# XFX Radeon HD5450 1GB Problems



## Zagmar (Sep 7, 2010)

Bought a new XFX Radeon HD5450 1GB today, and when I plugged it into the computer and started up, there was no image at all on the screen, read up that some other guy had about the same problem, and it could have been because of the PSU, though i've tried changing from a 400W to a 600W, still doesnt work.

Any suggestions?


----------



## Tyree (May 10, 2009)

PC Specs? 
PreBuilt--Brand name & Model Number
Custom Build--Brand & Model of Mobo-CPU-RAM-Graphics-PSU.
Were you using another dedicated GPU or Onboard Graphics prior to installing the 5450?


----------



## Zagmar (Sep 7, 2010)

Tyree said:


> PC Specs?
> PreBuilt--Brand name & Model Number
> Custom Build--Brand & Model of Mobo-CPU-RAM-Graphics-PSU.
> Were you using another dedicated GPU or Onboard Graphics prior to installing the 5450?


AMD Athlon x2 CPU
3 gb DDR SDRAM
XFX Radeon HD5450 1GB Graphics
600W PSU

Used onboard graphics when installing, tho I still wont get any image :sigh:


----------



## shotgn (Aug 10, 2008)

So you are not getting any display from the onboard either?


----------



## Zagmar (Sep 7, 2010)

From the onboard I am getting display, but when I plug in the new Graphic card I wont get anything


----------



## shotgn (Aug 10, 2008)

What motherboard are you using?


----------



## Zagmar (Sep 7, 2010)

shotgn said:


> What motherboard are you using?



Asus M2NPV-MX


----------



## shotgn (Aug 10, 2008)

Uninstall all the nvidia drivers first. Use driver sweeper or cccleaner to make sure they are gone. Restart to Bios make sure onboard is disabled or make pci-e first display boot. 

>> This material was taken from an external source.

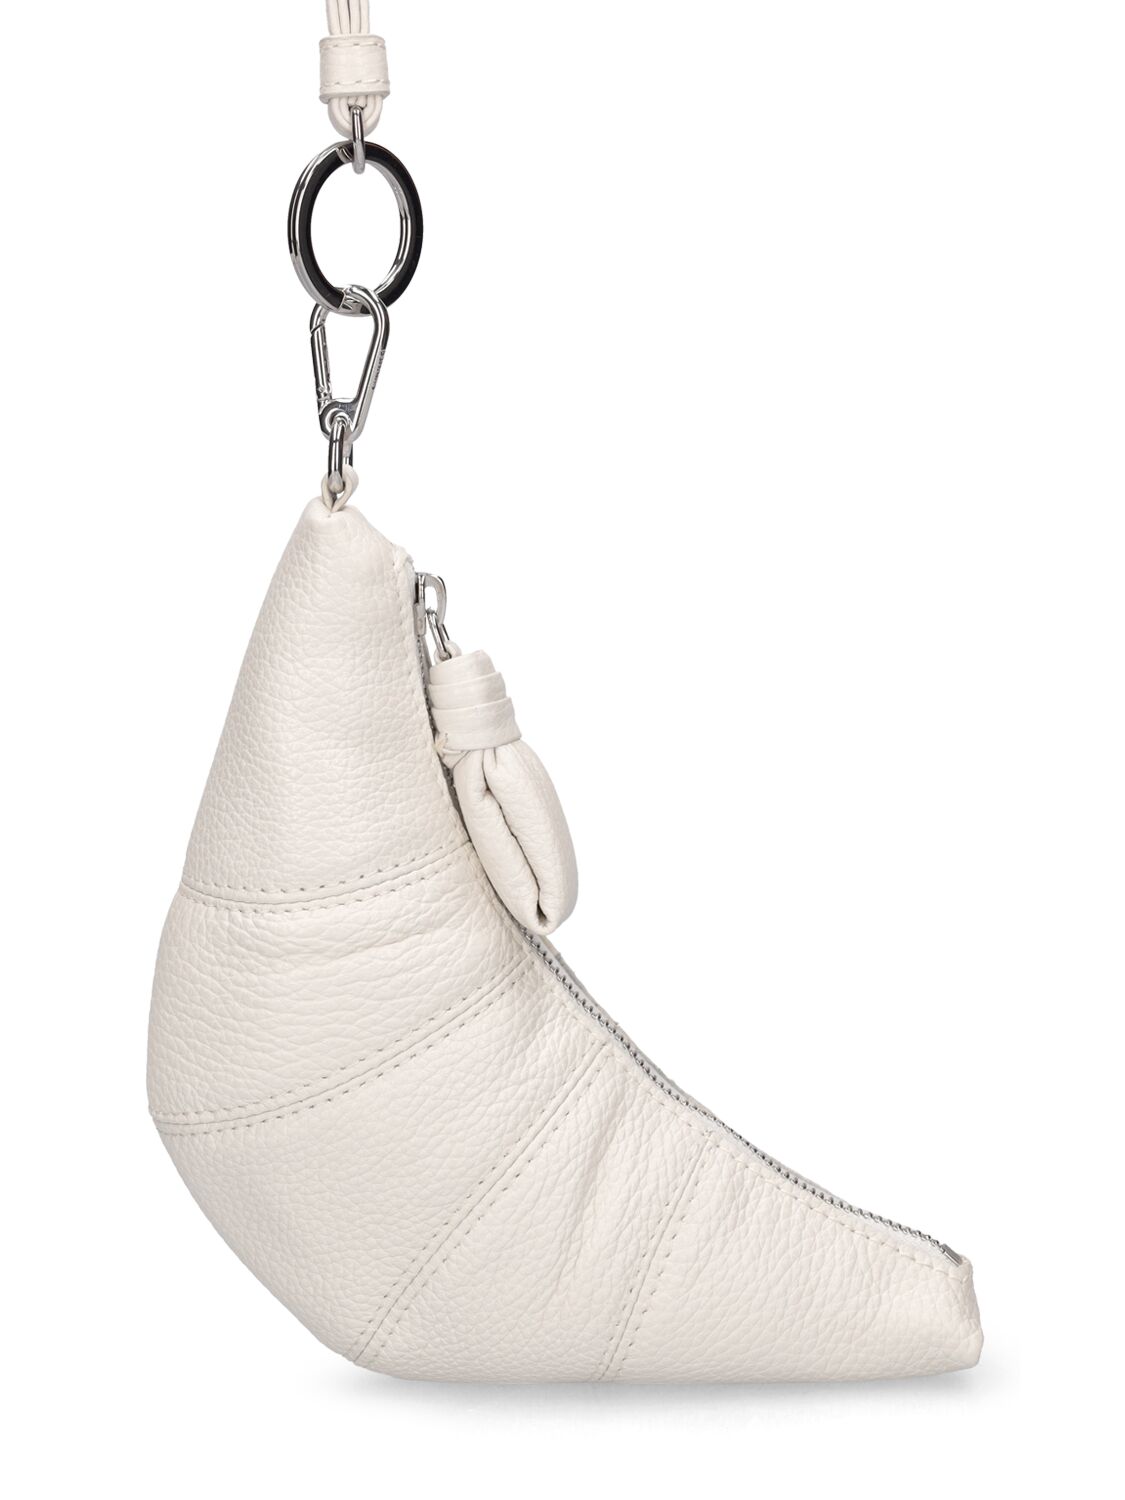 Lemaire Croissant Coin Purse W/ Neck Strap In Chalk

Save and shutdown, Unplug pc install card and see if it boots that way


----------



## Zagmar (Sep 7, 2010)

shotgn said:


> Uninstall all the nvidia drivers first. Use driver sweeper or cccleaner to make sure they are gone. Restart to Bios make sure onboard is disabled or make pci-e first display boot.
> 
> Save and shutdown, Unplug pc install card and see if it boots that way


Still no luck, atleast the fan on the card is working, tho it has been working all the time, but the monitor stays black, it's like i've set the computer into Standby


----------



## shotgn (Aug 10, 2008)

Do you have another pc you can try this card in?


----------



## Zagmar (Sep 7, 2010)

shotgn said:


> Do you have another pc you can try this card in?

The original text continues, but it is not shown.